Hi all,

Can anybody help me with a problem of a turbulent jet into the atmosphere with a Re number of 10^6. I will simulate this with a commercial cfd code (fluent)and don´t know the area witch is needed that the jet is far away from the boundaries.I have one inlet boundary. The other boundaries are solid borders. Can I do 10 times the biggest geometrical dimension or 100 times. I run an transient simulation.

Dear Henry

I don't understand very well why are you talking about a "jet into the atmosphere" and the boundaries are solids!!!. Can't you use free/open boundary conditions for your case in FLUENT.

What exactly do you want to study? Watch out your distances. 10 or 100 times (assuming the jet's diameter) depends on what you want to study.

Regards

Kike

Hallo Kike,

Thanks for your quick answer. I simulate a temperature driving machine in the atmosphrere. The outlet of this machine produced this turbulent high Re number jet. When i use pressure boundary conditions for the boundaries the machine is then pressure driving and not temperature driving.That is not the same!! You get inflows and outflows on the boundary. But this is not the problem, then the safe distance to the boundary (wall or Pressure boundary) is unknown.The distance changes it between the simulation, because the simulation is unsteady. Is my solution to near the boundary, then i can forget my solution, because it is not boundary independent.

Henry

Dear Henry

I am sorry but I can't reach to understand your problem. I don't know anything about this kind of machines, but I will try to make me a simplified picture.

Thats is why I asked you what you want to obtain from your simulation. For instance, you maybe want to describe the evolution of the flow in the near wake of you trailing geometry (to control the drag), or you maybe want to describe the formation of NOxes from the thermal reaction in your machine to avoid contamination.

Let say, your domain is 2D (x,y) corresponding to the backward of your machine. So, the outlet (outflow parameters) of this machine corresponds to your inlet boundary condition (say the "west" border). The rest of the boundaries (if they corresponds to the atmosphere) are placed somewhere in the "open space".

In the two previous cases I would choose two different length to locate the rest of the boundaries (east, north and south). But in both cases I would use open boundaries, ie. those which allows inflows and outflows.

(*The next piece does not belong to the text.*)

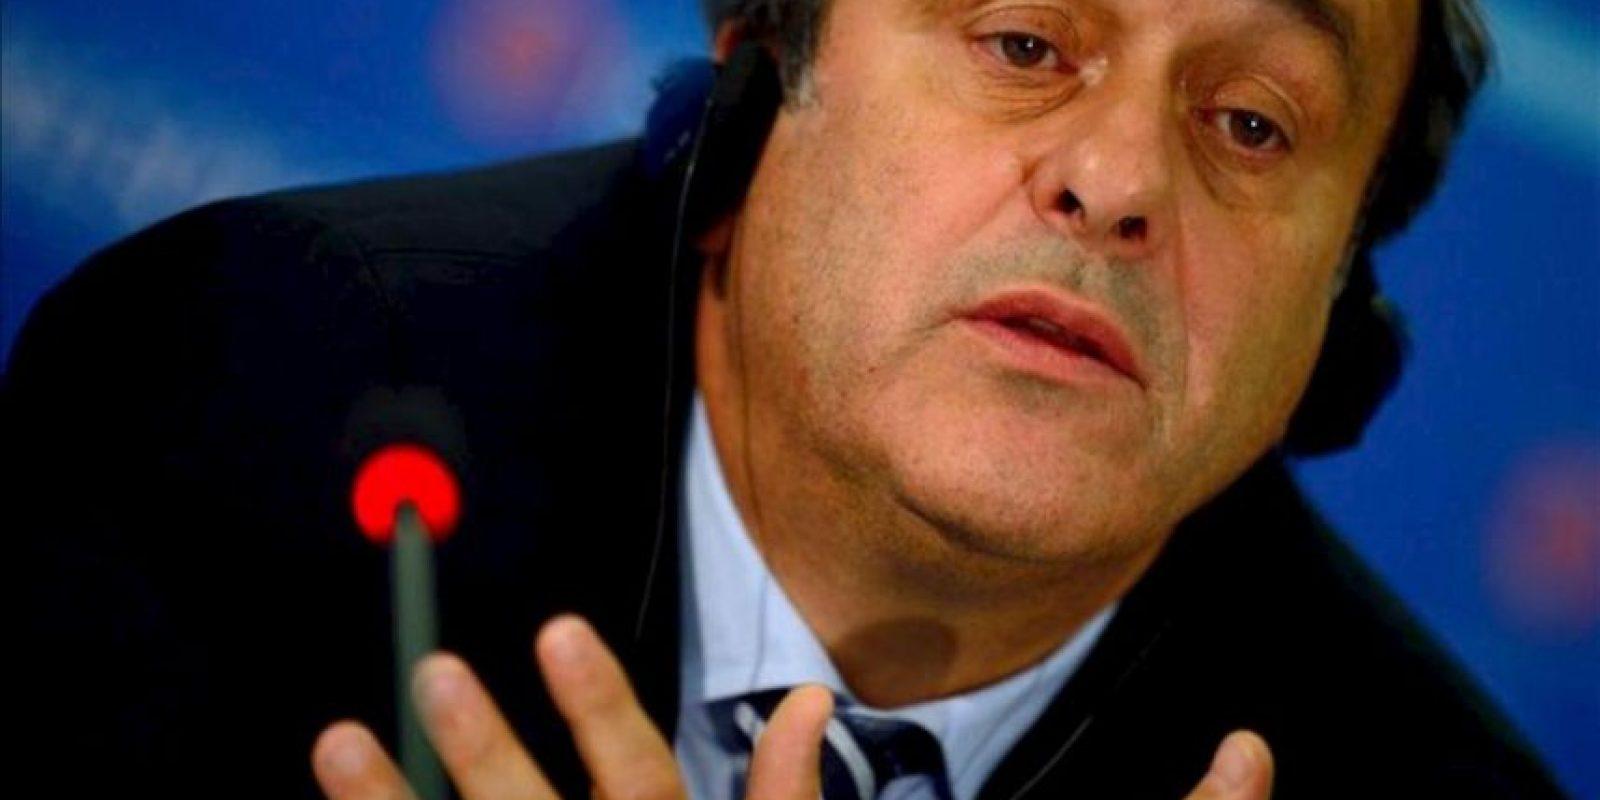 El presidente de la UEFA, Michel Platini durante una rueda de prensa celebrada en Sofía, Bulgaria hoy 28 de marzo de 2013 con motivo de la reunión del Comité Ejecutivo de dicho organismo que fijó el reglamento para la presentación de candidaturas a la Eurocopa 2020, torneo que se jugará en trece ciudades de países distintos. EFE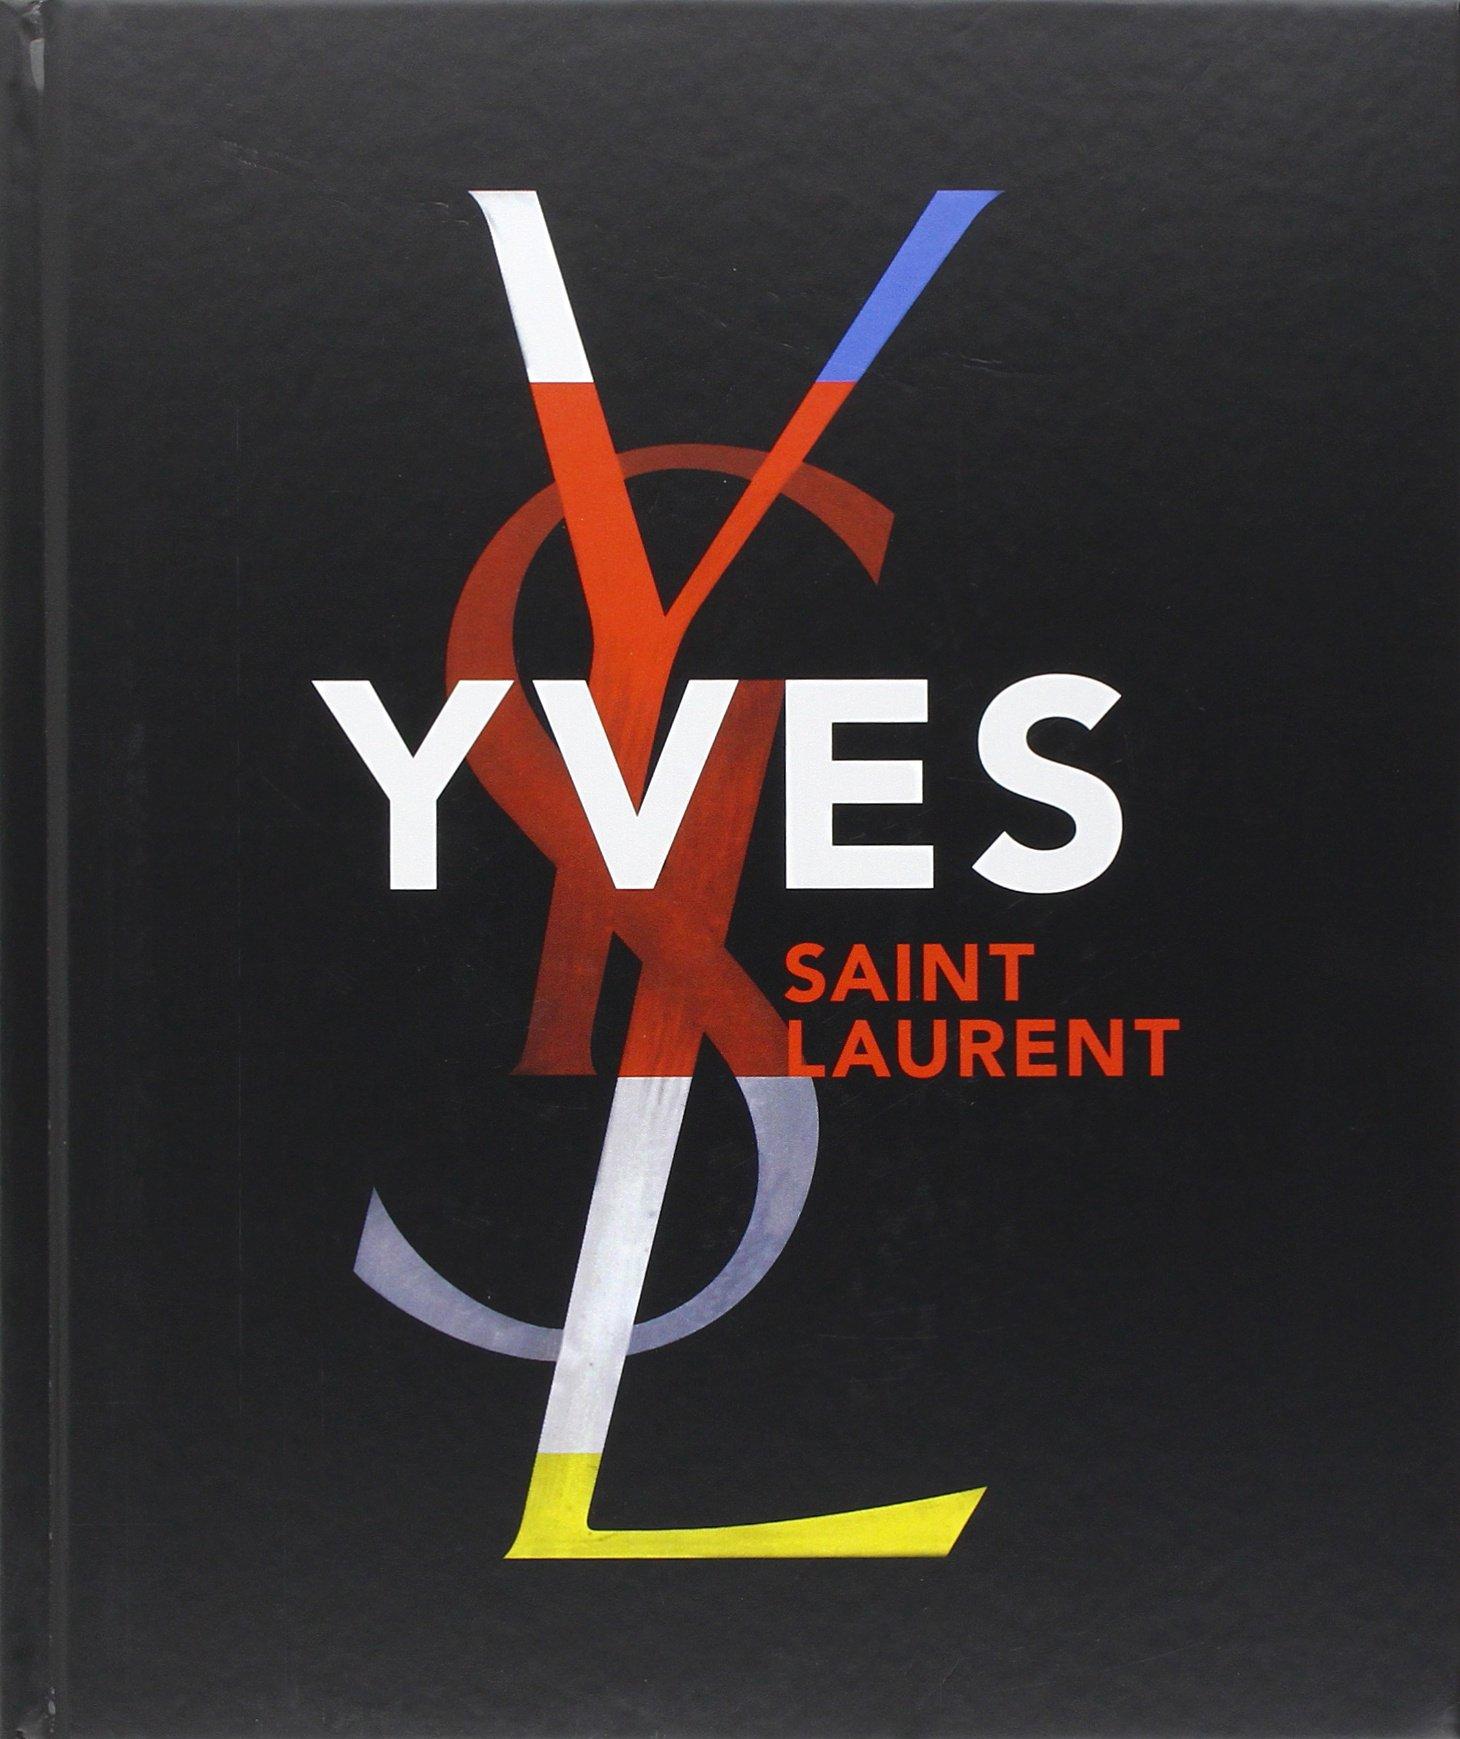 Yves Saint Laurent Florence Chenoune Farid Muller 9780810996083

Those are maybe the most difficult boundary conditions in CFD (personal oppinion) but if this is your choise I send you two papers from which I have extracted those I use in my simulations.

(a) "Résumé and remarks on the open boundary condition minisymposium" Sani and Gresho, Int. Jour. for Num. Meth. in Fluids, Vol 18, 983-1008 (1994)

(b) "Effective downstream boundary conditions for incompressible Navier-Stokes equations" Bruneau and Fabrie, Int. Jour. for Num. Meth. in Fluids, Vol. 19, 693-705, (1994)

Try spacially with the proposal of the second one, it works very well (personal opinion/nessecities).

Regards

Kike

Dear Kike,

Thanks for your answer. The correct boundary far away from my machine is a problem , I know. I will order the literature witch you have advised, thanks.I will write you back,when i have read this.

Do you know references for a "buoyant momentum jet" or forced plume in axissymmetric??

Good bye, Henry

Hi there,

They may interest you:

(1) W. K. George and R. L. Alpert and F. Tamanini, "Turbulence measurements in an axisymmetric buoyant plume", Int. J. Heat Mass Transfer", 1977, vol. 20, 1145--1154.

(2) A. Shabbir and W. K. George, "Experiments on a round turbulent buoyant plume", J. Fluid Mech. 1994 vol. 275, 1--32

(3) X. Zhou, K. H. Luo, and J. J. R. Williams, "Large-eddy Simulation of a Turbulent Forced Plume", European J. Mechanics, B/Fluids, Vol. 20, No.2, pp. 233-254, 2001

Hi, Henry

No, I am sorry. I will check those Mr. Xu Zhou had gave you. Bye

Kike

hello, Could you please give us an idea of the geometry and the fluid of the jet?

hello, Could you please give us an idea of the problem geometry and the fluid and the of the jet?

Hallo Mr. A. Hassaneen,

The outflow of the machine has a diameter of 10 meters. The geometrie of the outflow is a simple tube. A full turbulent velocity profile is assumed.The temperature profile is konstant. The outflow shows against the direction of the gravity.The fluid is air.

At steady stage: The mean velosity is 5 m/s. The outflow temperature is 320 K. The atmosphere is at 300 K and in silence.

Thanks for your Response Henry

Henry, I don't think that your problem needs any special treatment. It's an air jet discharging into air, you may need to specify a confinement to the jet and use an outlet boundary at certain distance from the jet (let's say 10 diameter) and see what happen. Be careful when you specify the turbulence model. I think your problem will be mainly with the continuity.